Портрет художника в юности
Шрифт:

Вечерами кости у меня ломило от усталости, а в глазах мельтешили корявые кирпичи с выжженной черной сердцевиной; я не отставал от сокурсников, на все лады поносивших наших поваров и неизменную пшенную кашу; однако же я был юн, полон сил и, как сказал когда-то Мандельштам, был разбужен, словно выстрелом, дружбой с моими замечательными новыми знакомыми, которых, к слову сказать, недели через две отстранили от строительных работ, определив на постоянное дежурство на кухне: чистить картошку, таскать воду и драить засаленные алюминиевые котлы смесью речного песка с хозяйственным мылом. Эта работа была если не тяжелее, то унизительнее всех прочих, и не одна подтянутая стриженая девица с естественного департамента, проходя мимо крылечка кухни, на котором горбились с ножами в руках два отщепенца, испускала презрительное хихиканье. Все чаще во время наших вечерних прогулок толстый Петя, брезгливо нюхая свои покрасневшие руки, сокрушенно вздыхал, а я, как бы мстя ему за прошлые насмешки, говорил, что истинному аэду безразличны житейские обстоятельства, ибо он постоянно должен парить в облаках. Юрка тоже погрустнел и стал немногословен; даже магнитофонные записи первокласных эллонов не могли развлечь моих незадачливых товарищей. Два вечера подряд они избегали нас с Мариной; на третий мы с нею снова вышли из поселка вдвоем, а подходя

к нашему любимому месту на отлогом берегу, в тени плакучей ивы, вдруг услыхали приглушенные звуки лиры и пение по-гречески.

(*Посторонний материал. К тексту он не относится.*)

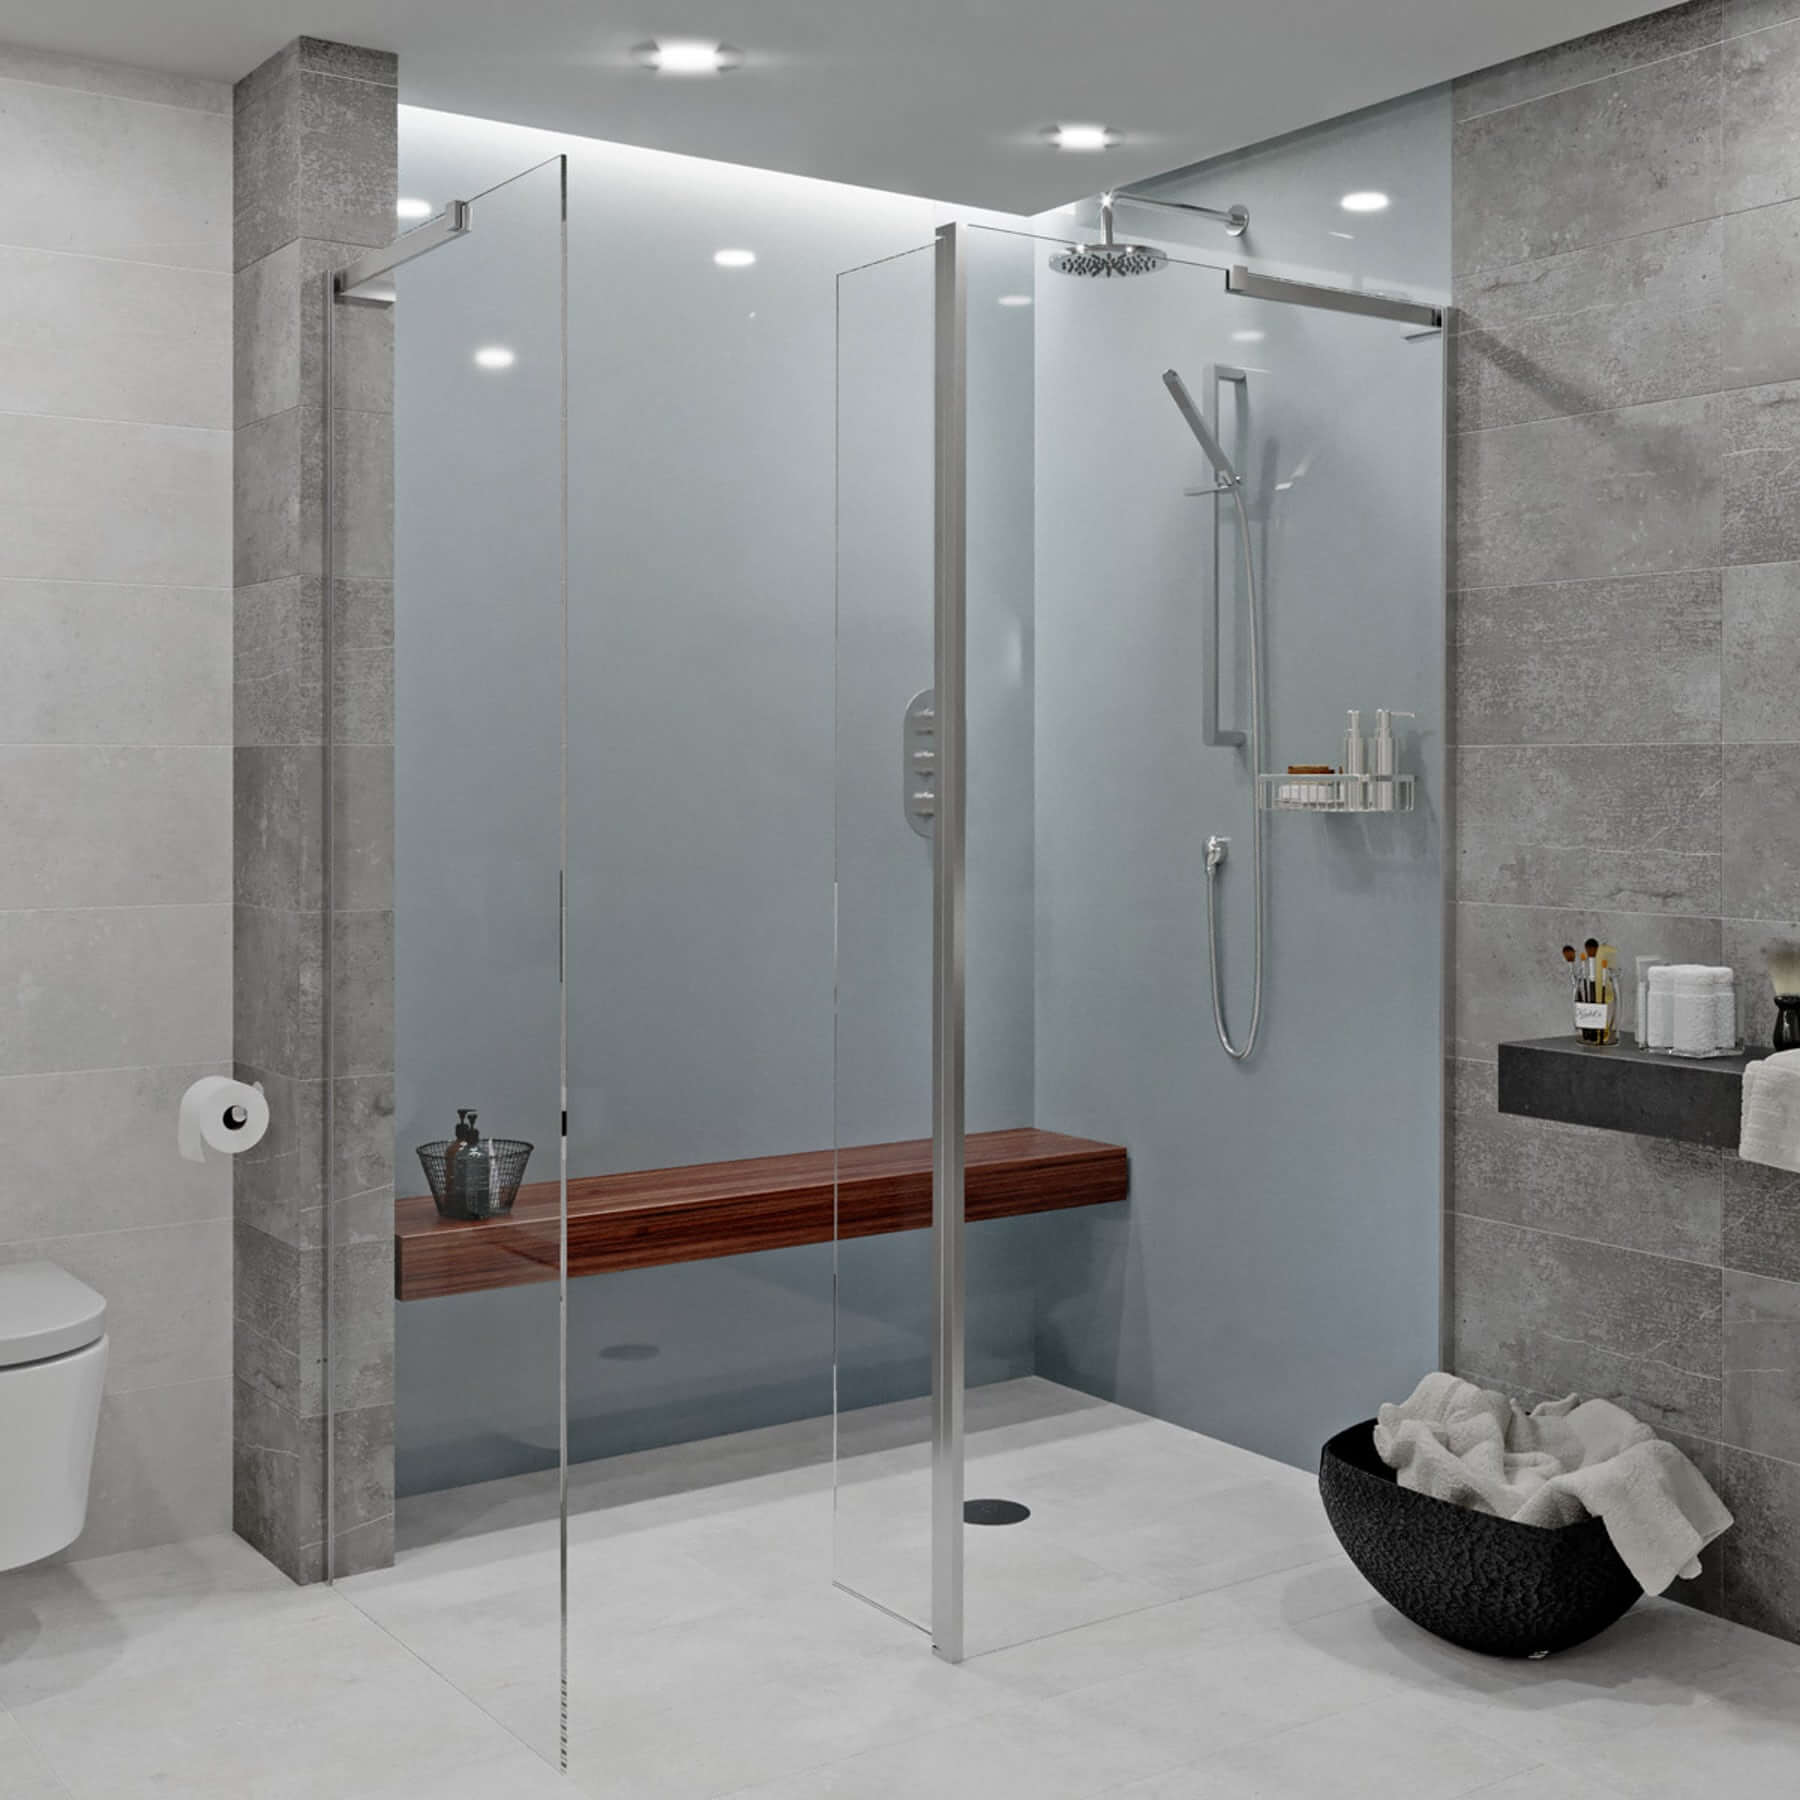 Gunmetal Acrylic Showerwall in a shower
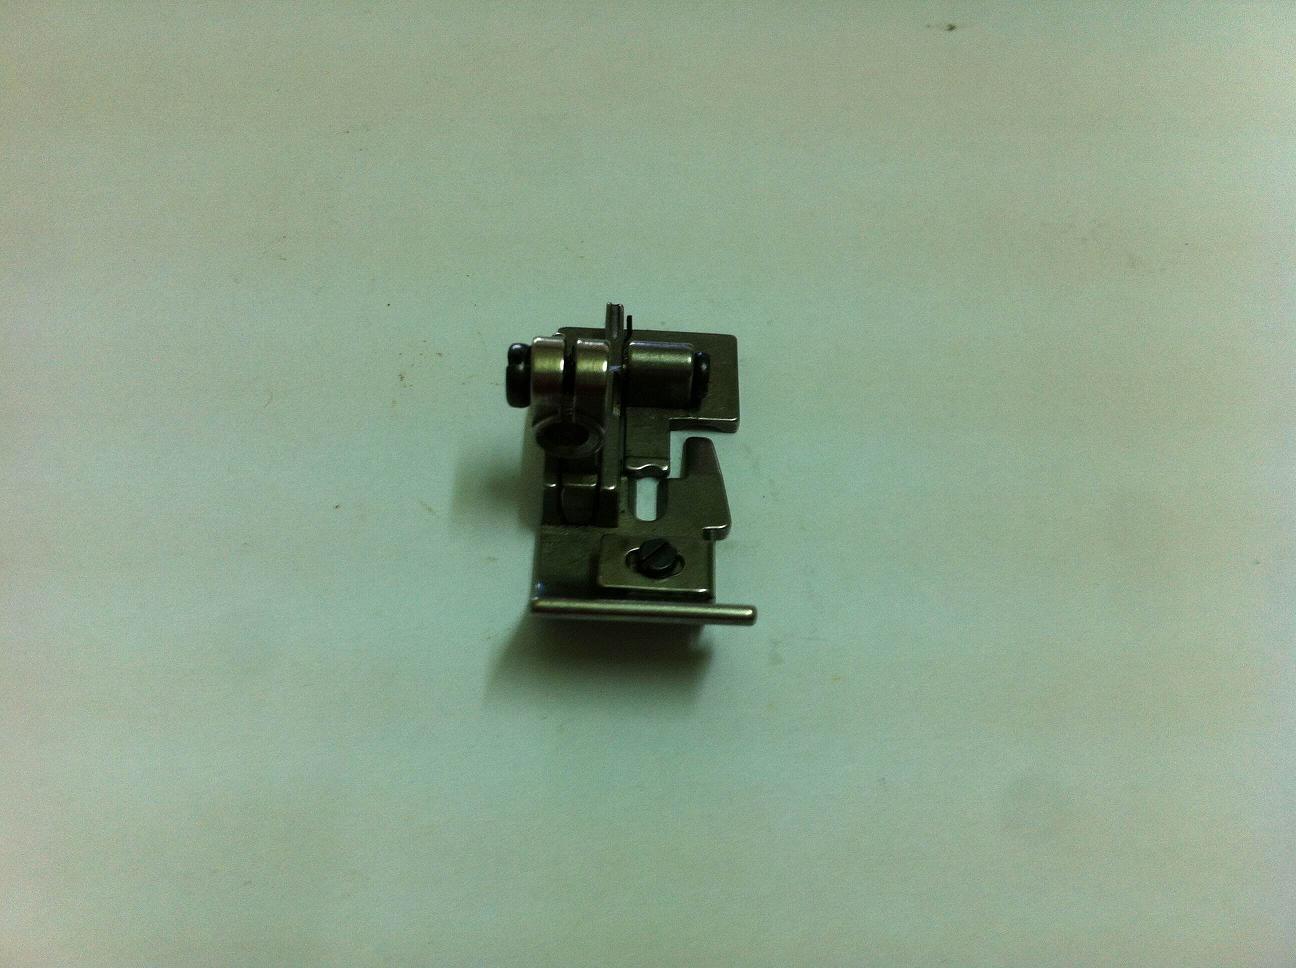 Chân vịt vắt sổ PEGASUS M700-5-L32-48

Осторожно, чтобы не спугнуть играющего, мы подкрались к самому берегу. Петя сидел лицом к реке и медленно перебирал распухшими пальцами струны дешевенькой советской лиры. Он играл в своем обычном затрапезе, без хитона или даже туники, с простеньким самодельным венком из ивовых веток, а это могло означать только, что он исполняет свой собственный эллон, неуловимо совпадавший в каком-то неведомом измерении не только с его, но и с моей, и с Юркиной, и с Марининой жизнью, и даже с жизнью поганца Зеленова и туманной речной водой, усеянной простодушными кувшинками.

– Ты настоящий аэд, Петр, - сказал я тихо, когда он отложил лиру в сторону и обернулся.

– До настоящего мне пока далеко, - сказал Петр самым обыденным голосом.
– А ты, Георгий?
– он протянул ему лиру.
– Ты же обещал.

Юрка покачал головой. Сидел он, обхватив колени такими же съеденными содой руками, как Петя, и был необыкновенно сосредоточен, как и полагается ценителю нашего искусства, только что кончившему слушать друга.

– Получается, что для творчества действительно нужно страдание?
– вдруг сказала Марина.

– Ты мытье котлов имеешь в виду? Это не страдание, - Петр улыбнулся, как взрослые улыбаются детям.
– Это обыкновенная жизнь, от которой никому из нас убежать не удастся.

ГЛАВА СЕМНАДЦАТАЯ

За окном ночь: шелестящая, ртутная, иссиня-черная.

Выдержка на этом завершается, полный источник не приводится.